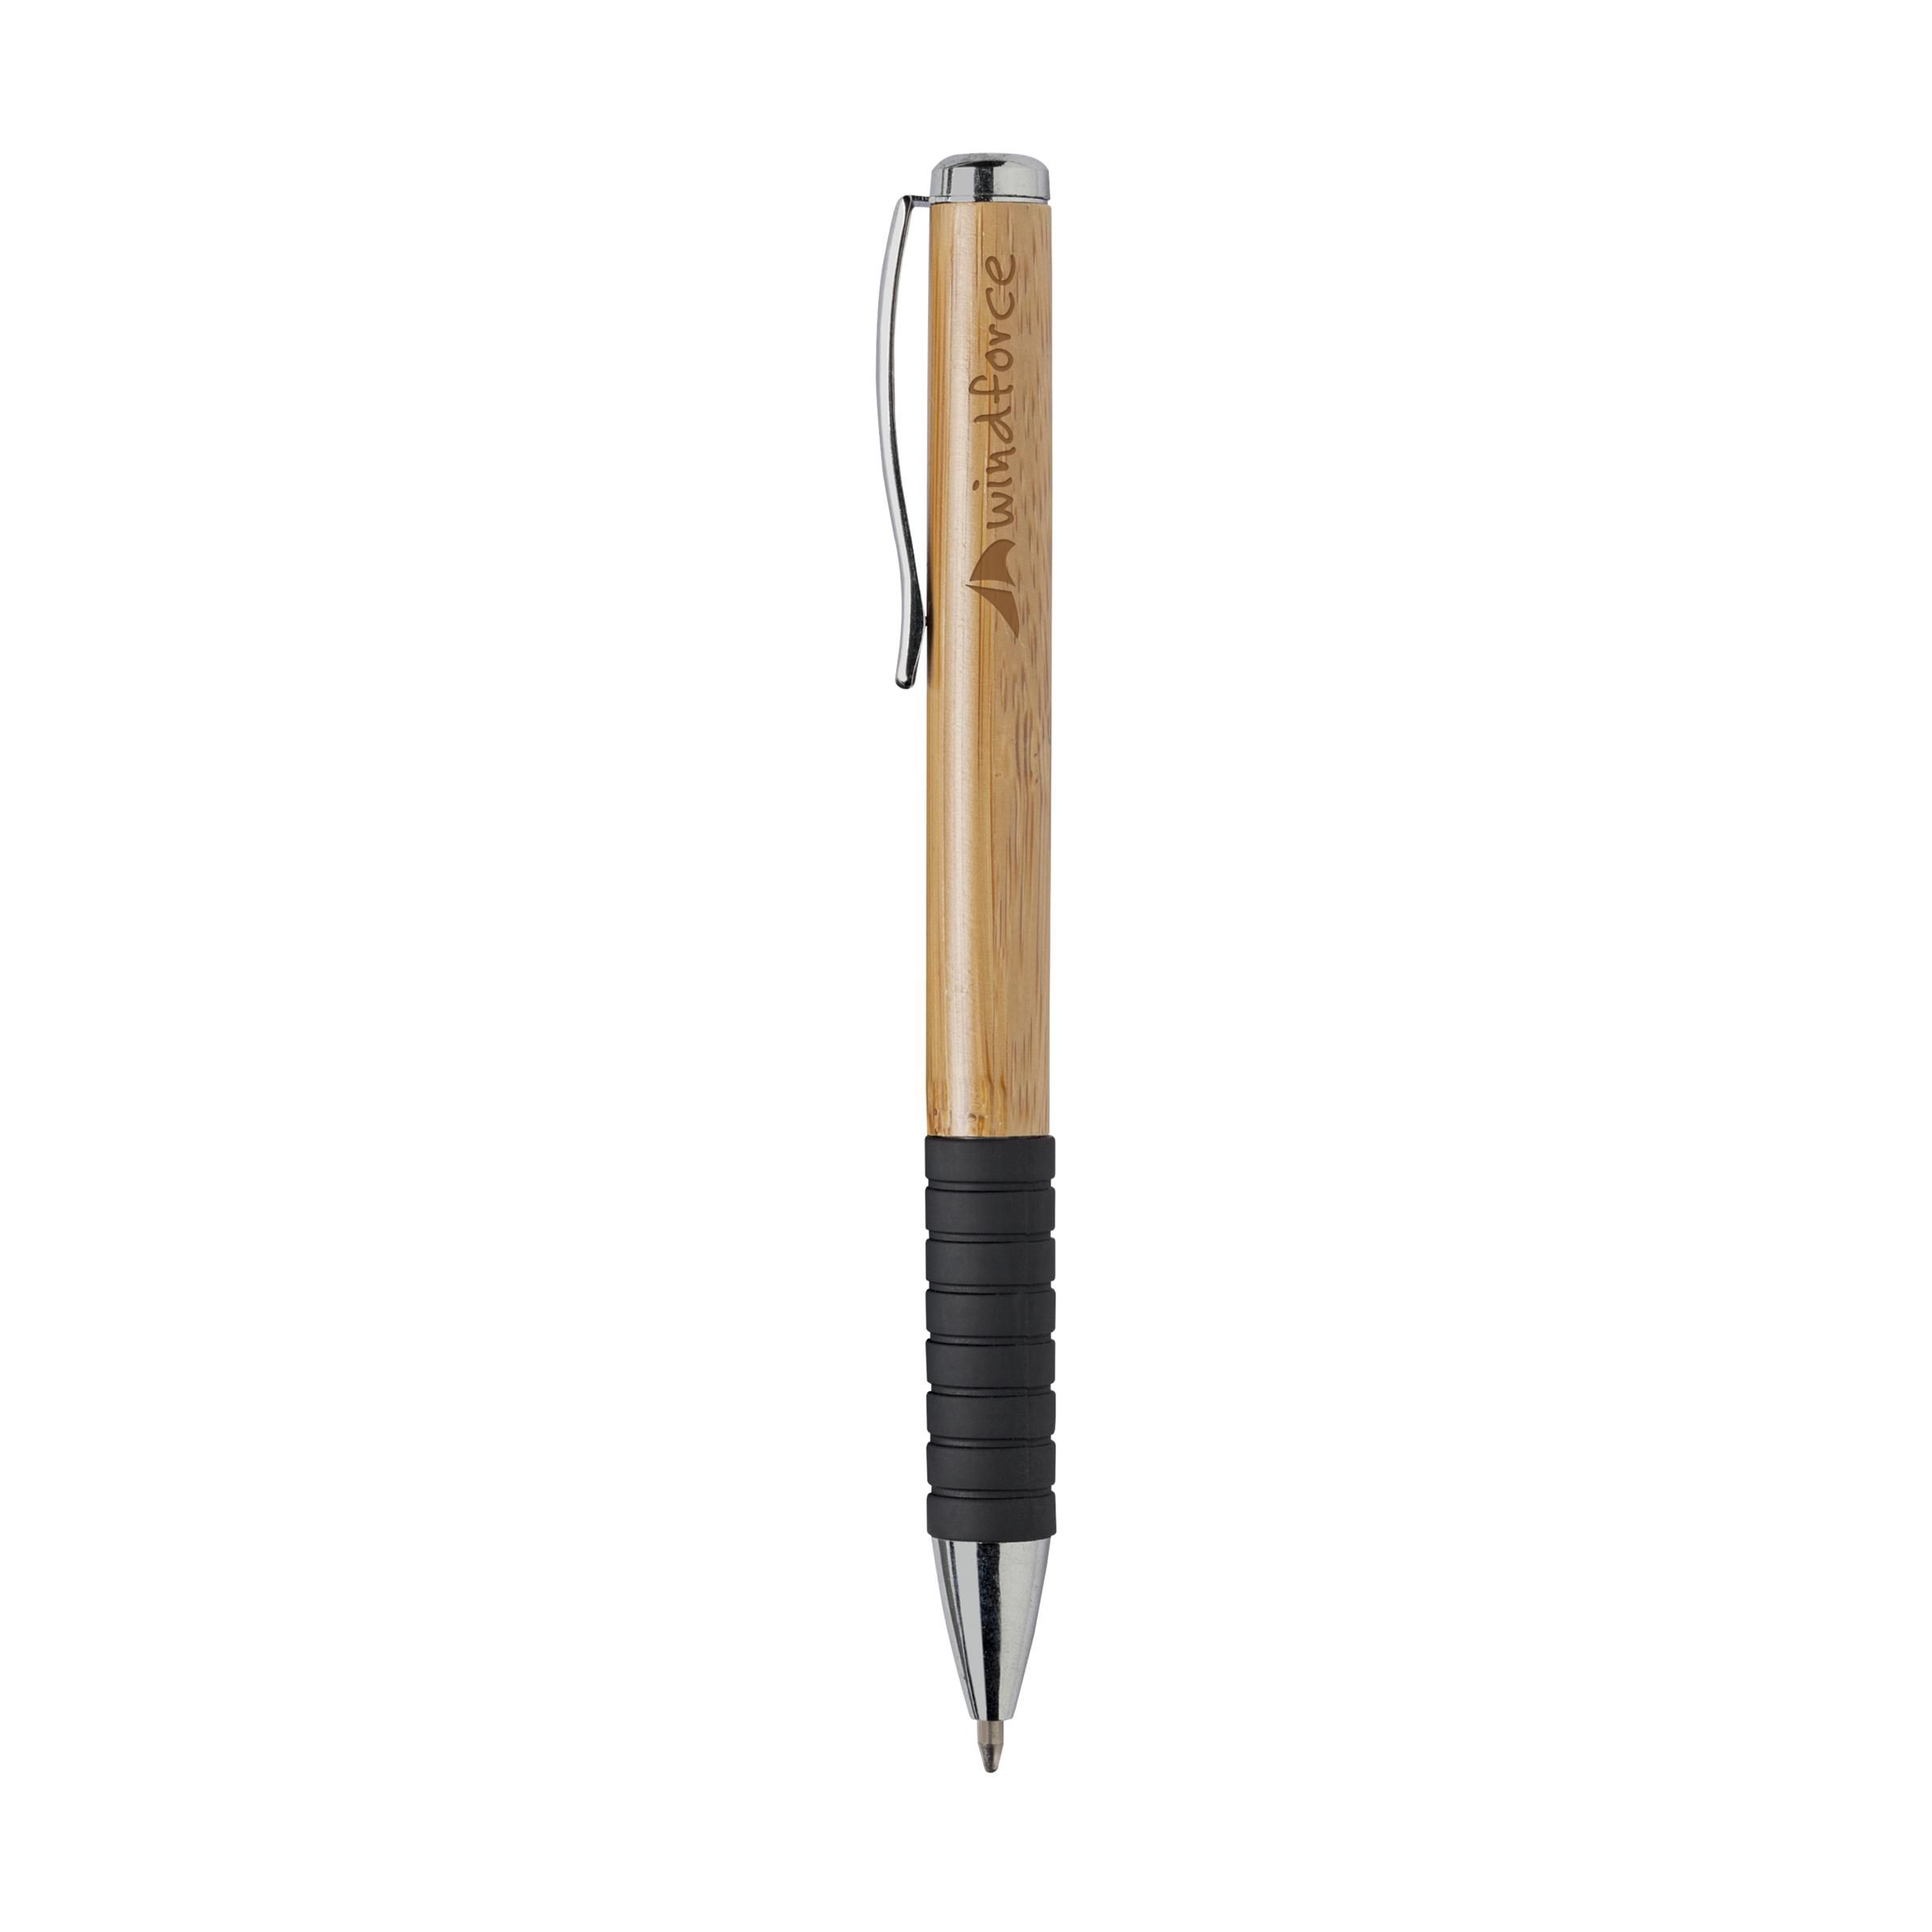 A ballpoint pen made of bamboo that comes with a colored rubber grip and a metal clip. - Toller Whelme
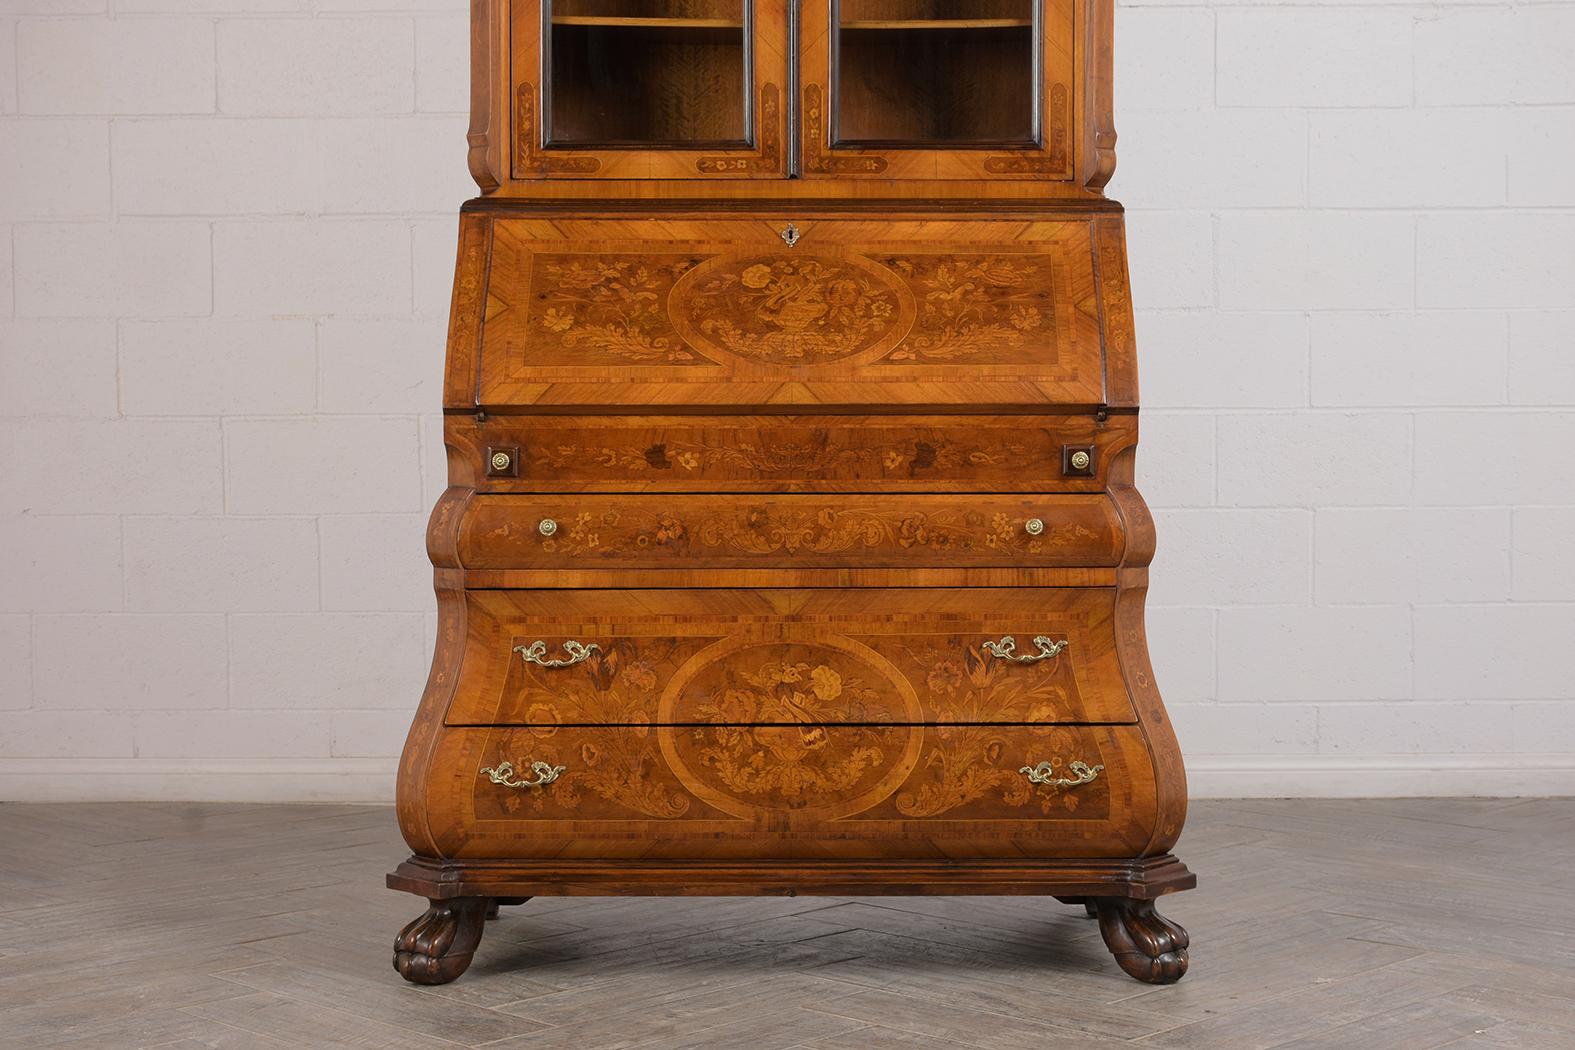 This antique Dutch bookcase / secretaire has been restored with its original mahogany finish. This remarkable piece has a unique inlaid over the entire piece. The top has large carved seashell at the center, two carved doors with original glass and
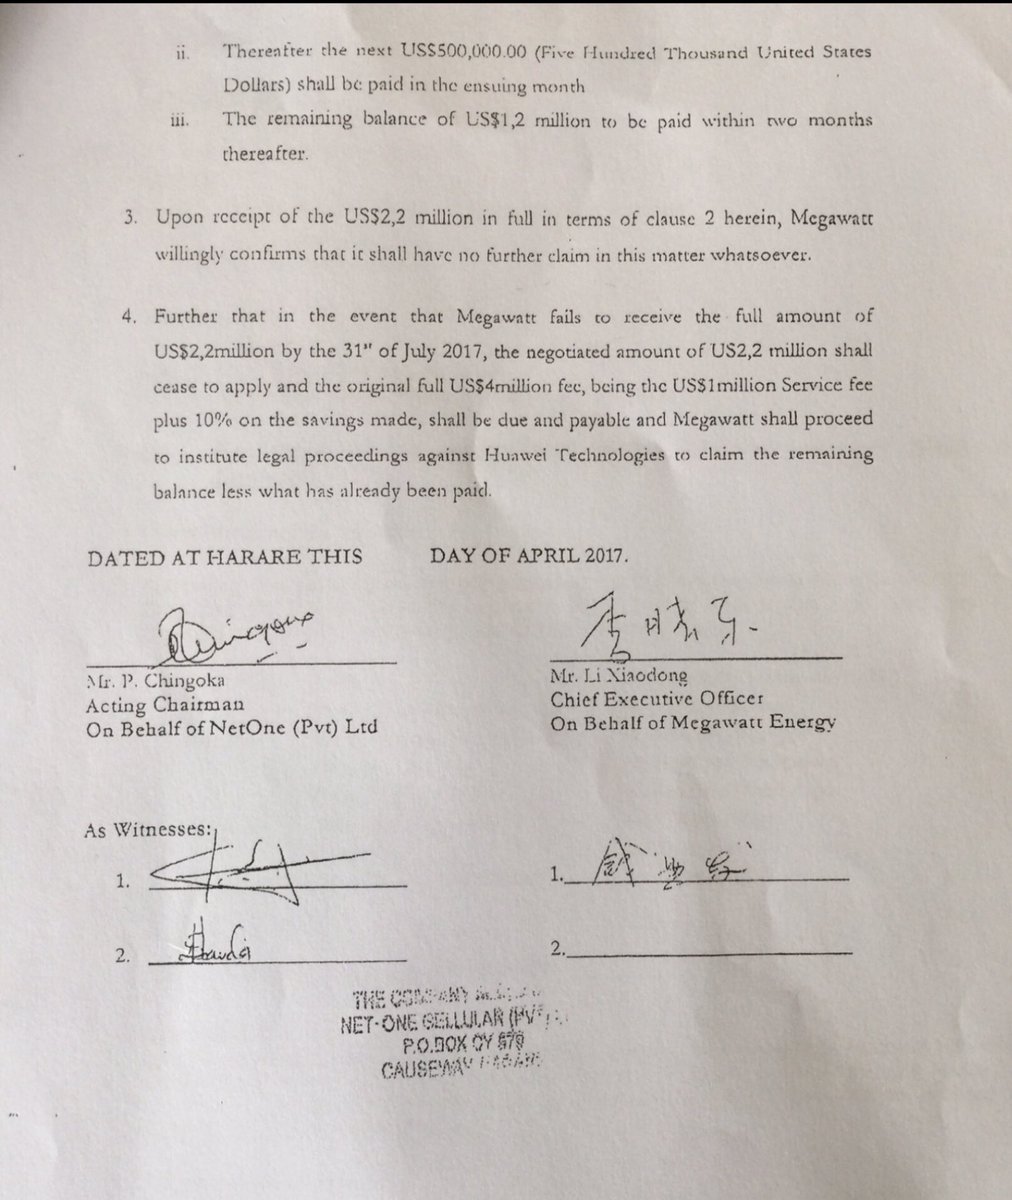 25. Peter Chingoka, who signed the illegal agreement, was a non-executive Director of MetBank, whilst Sibusisiwe Ndhlovu, an ex-MetBank Director, corruptly appointed CFO of  @NetOneCellular & K. Nyashanu recruited from ex-ICT Minister’s company, Tarcon witnessed it.  @matandamoyo
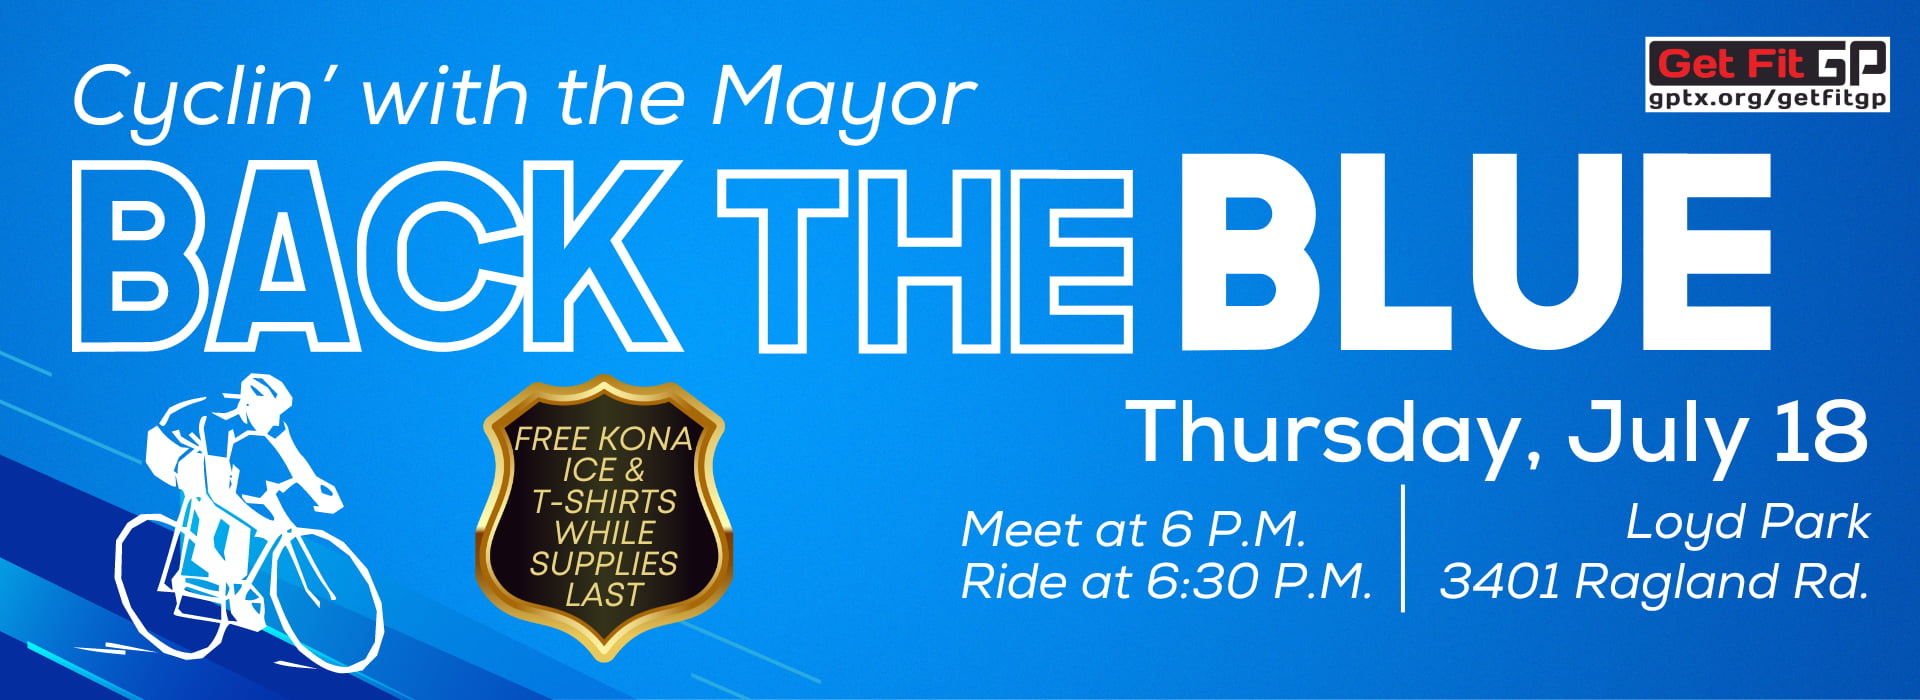 Back the Blue banner; event is on Thursday, July 18 at 6 p.m. at Loyd Park, 3401 Ragland Rd.

Task to carry out:
The aim is an exact repeat of the entire listing, stripped of pictures.

Result of this task:
 A ballpoint pen made of bamboo that comes with a colored rubber grip and a metal clip. - Toller Whelme
 This antique Dutch bookcase / secretaire has been restored with its original mahogany finish. This remarkable piece has a unique inlaid over the entire piece. The top has large carved seashell at the center, two carved doors with original glass and
 25. Peter Chingoka, who signed the illegal agreement, was a non-executive Director of MetBank, whilst Sibusisiwe Ndhlovu, an ex-MetBank Director, corruptly appointed CFO of  @NetOneCellular & K. Nyashanu recruited from ex-ICT Minister’s company, Tarcon witnessed it.  @matandamoyo
 Back the Blue banner; event is on Thursday, July 18 at 6 p.m. at Loyd Park, 3401 Ragland Rd.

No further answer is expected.